What you have to do: Whatever precedes the line containing "iPhone風マリンバ着信音の再生済みの波形" is not copied; that line and every line after it through the final one below are copied exactly, except pictures.

Material provided:
□ □ □ □ □
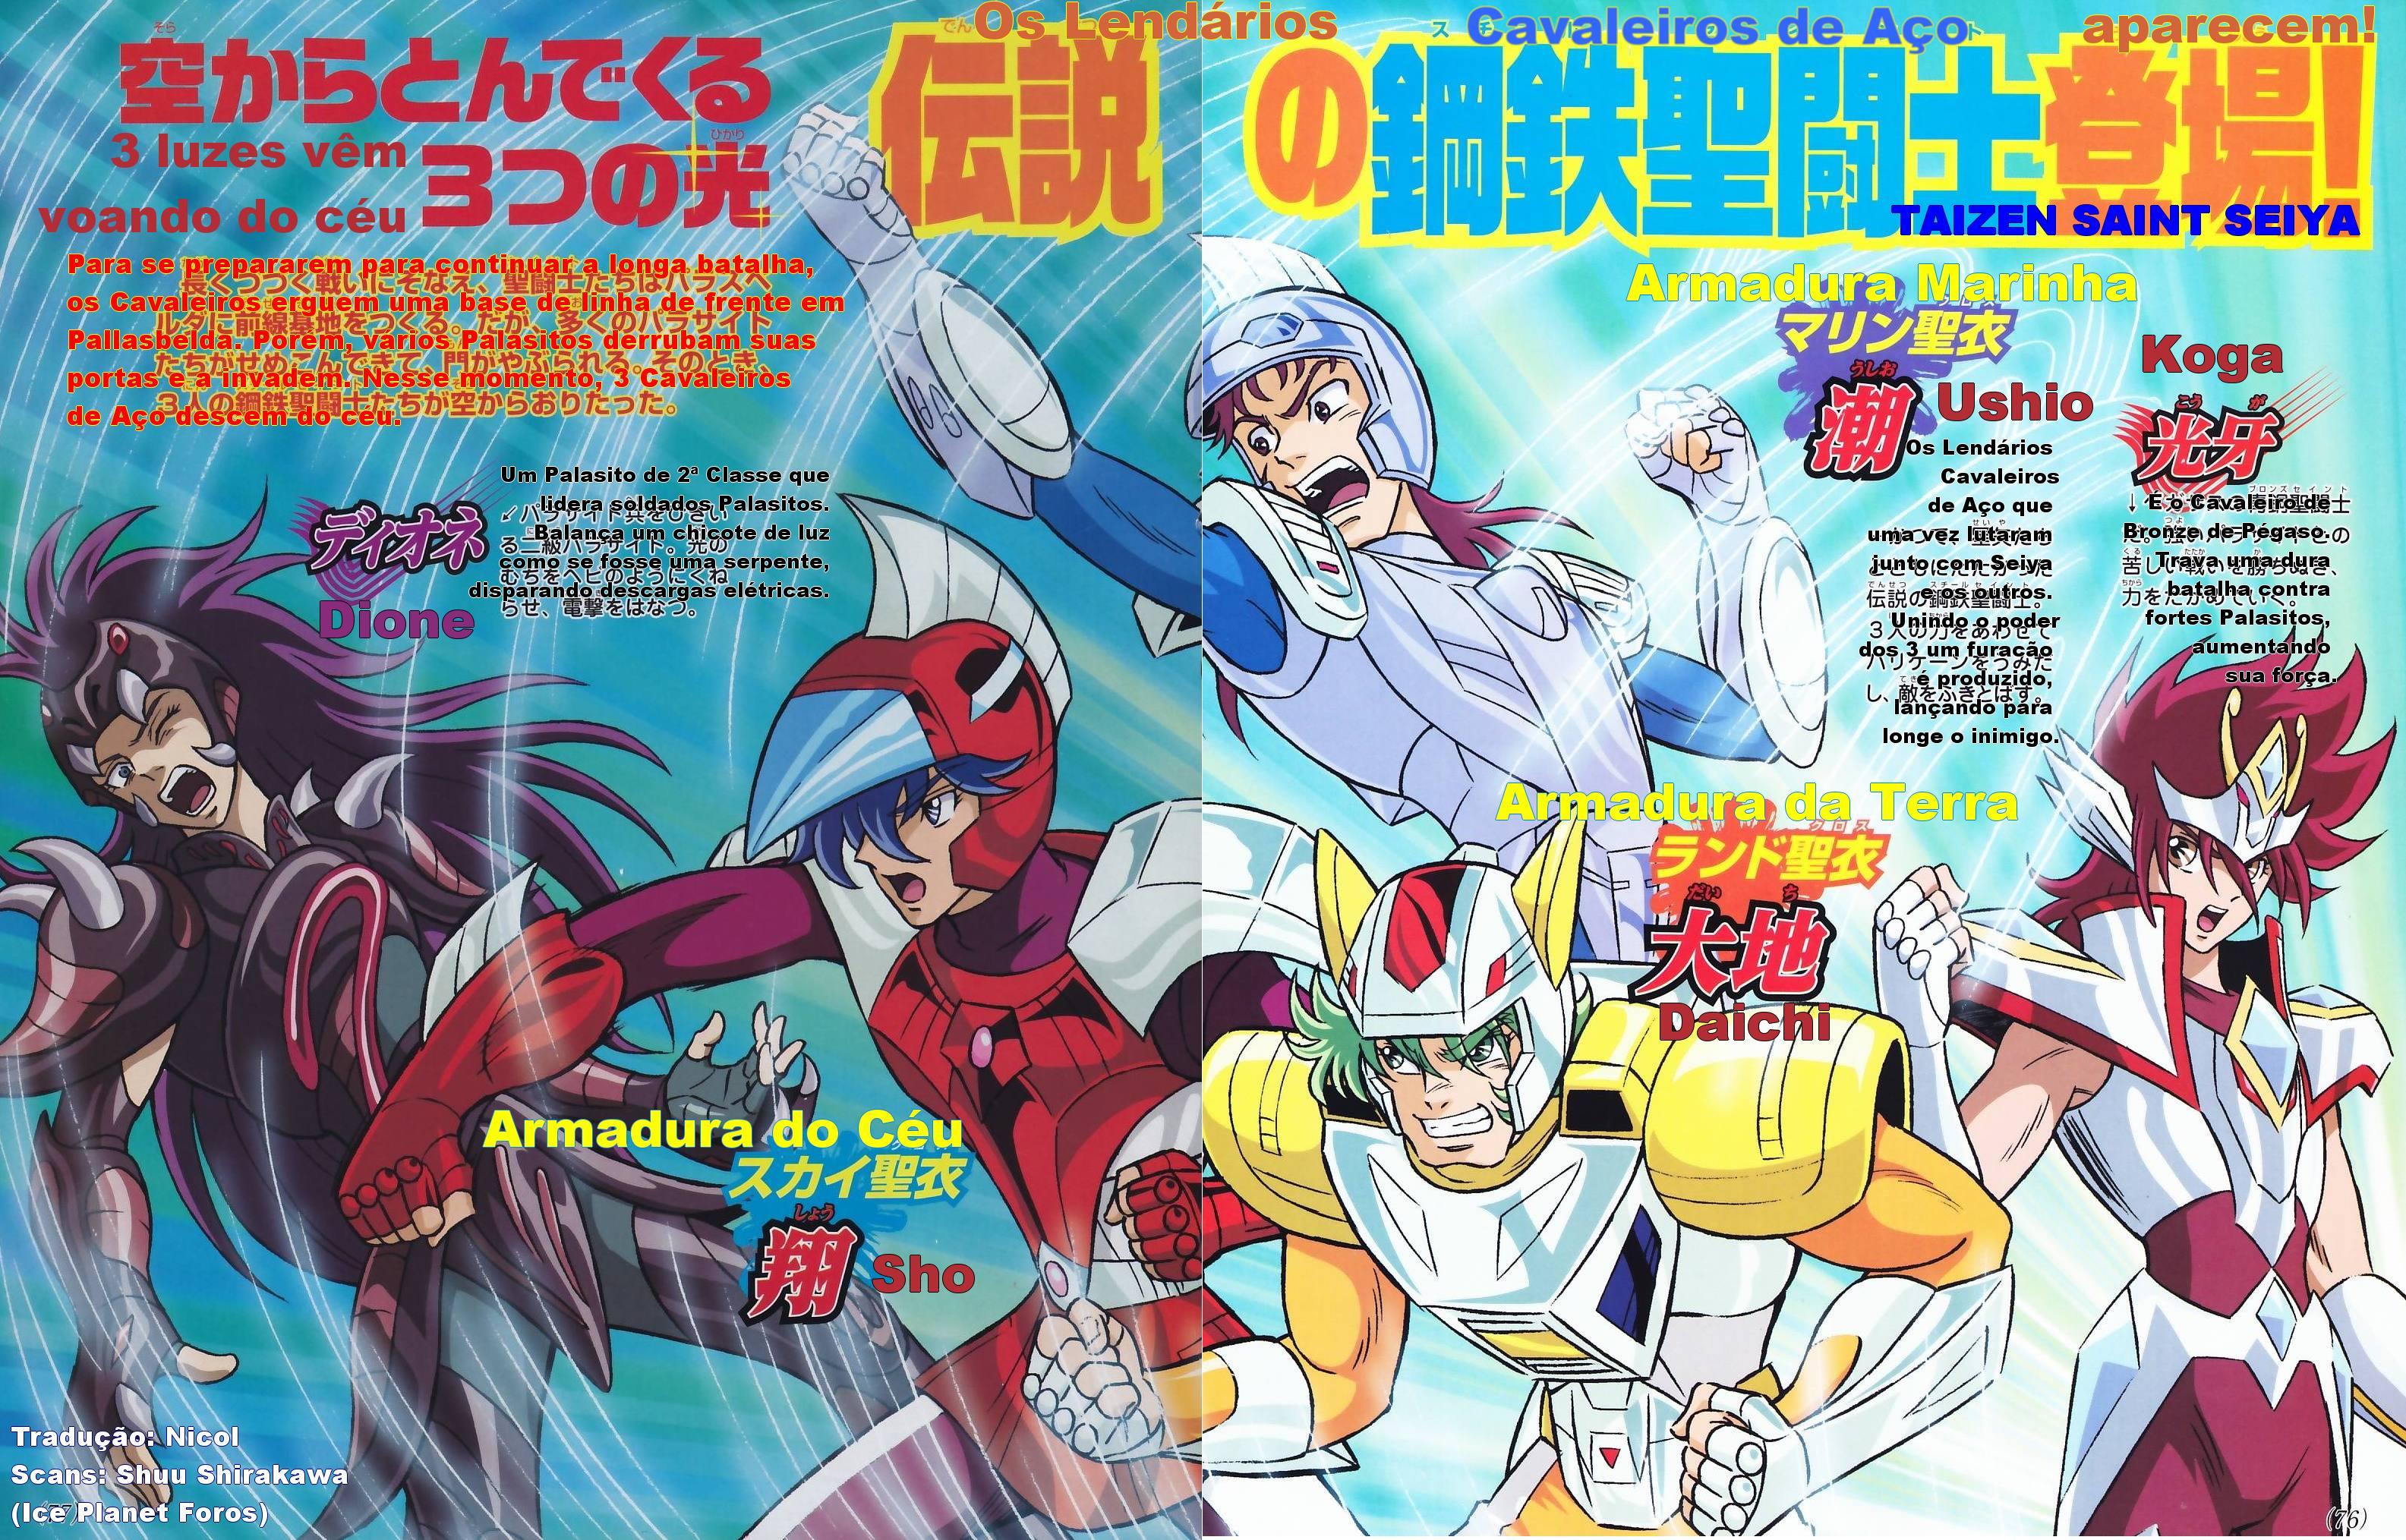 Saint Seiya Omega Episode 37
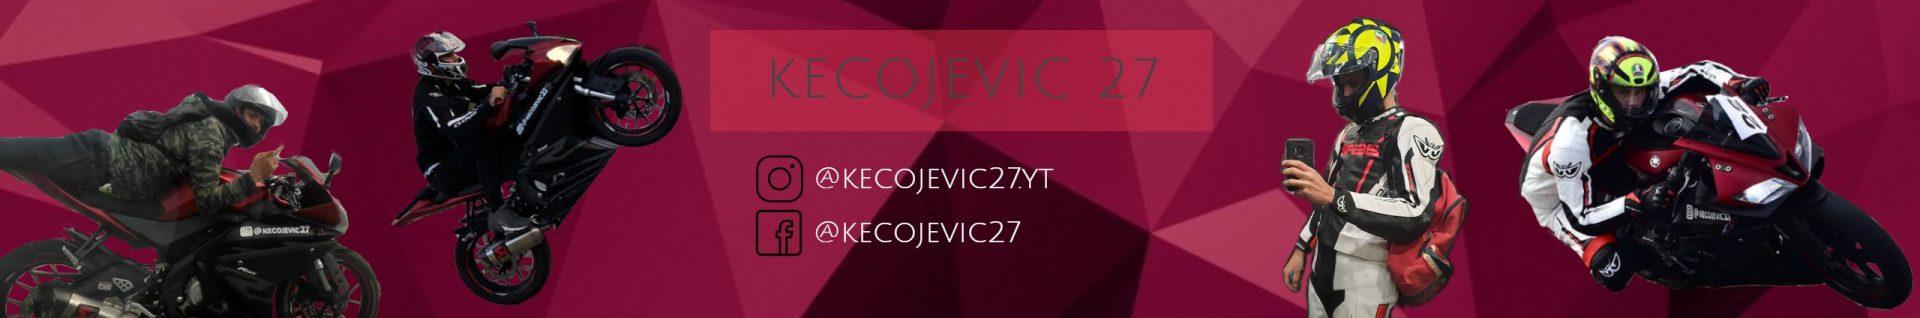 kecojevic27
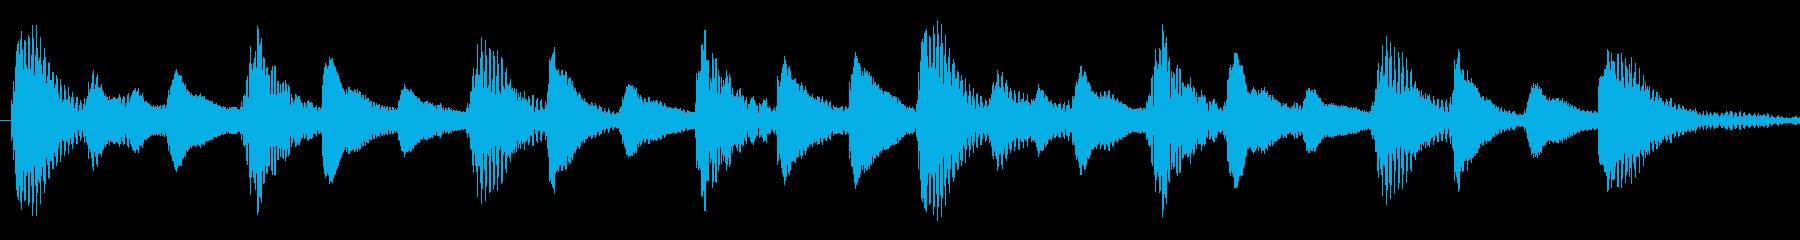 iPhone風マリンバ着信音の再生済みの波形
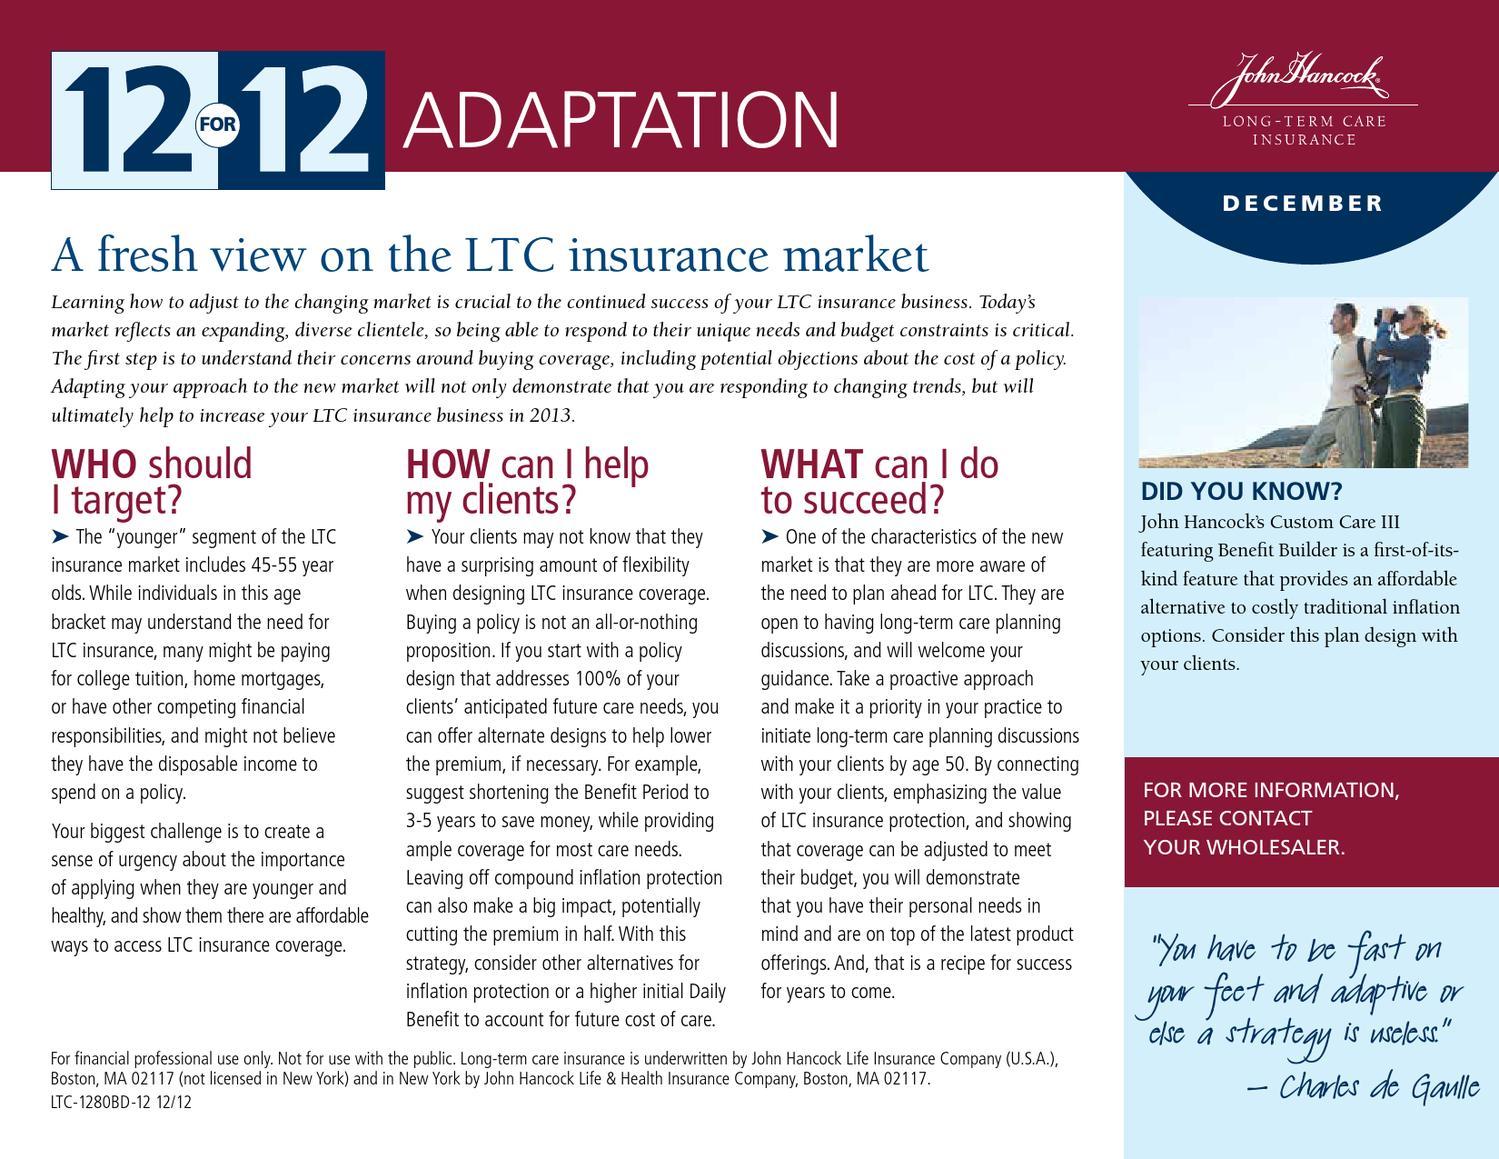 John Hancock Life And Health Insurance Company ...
□ □ □ □ □
Answer for this exercise:
 iPhone風マリンバ着信音の再生済みの波形
 John Hancock Life And Health Insurance Company ...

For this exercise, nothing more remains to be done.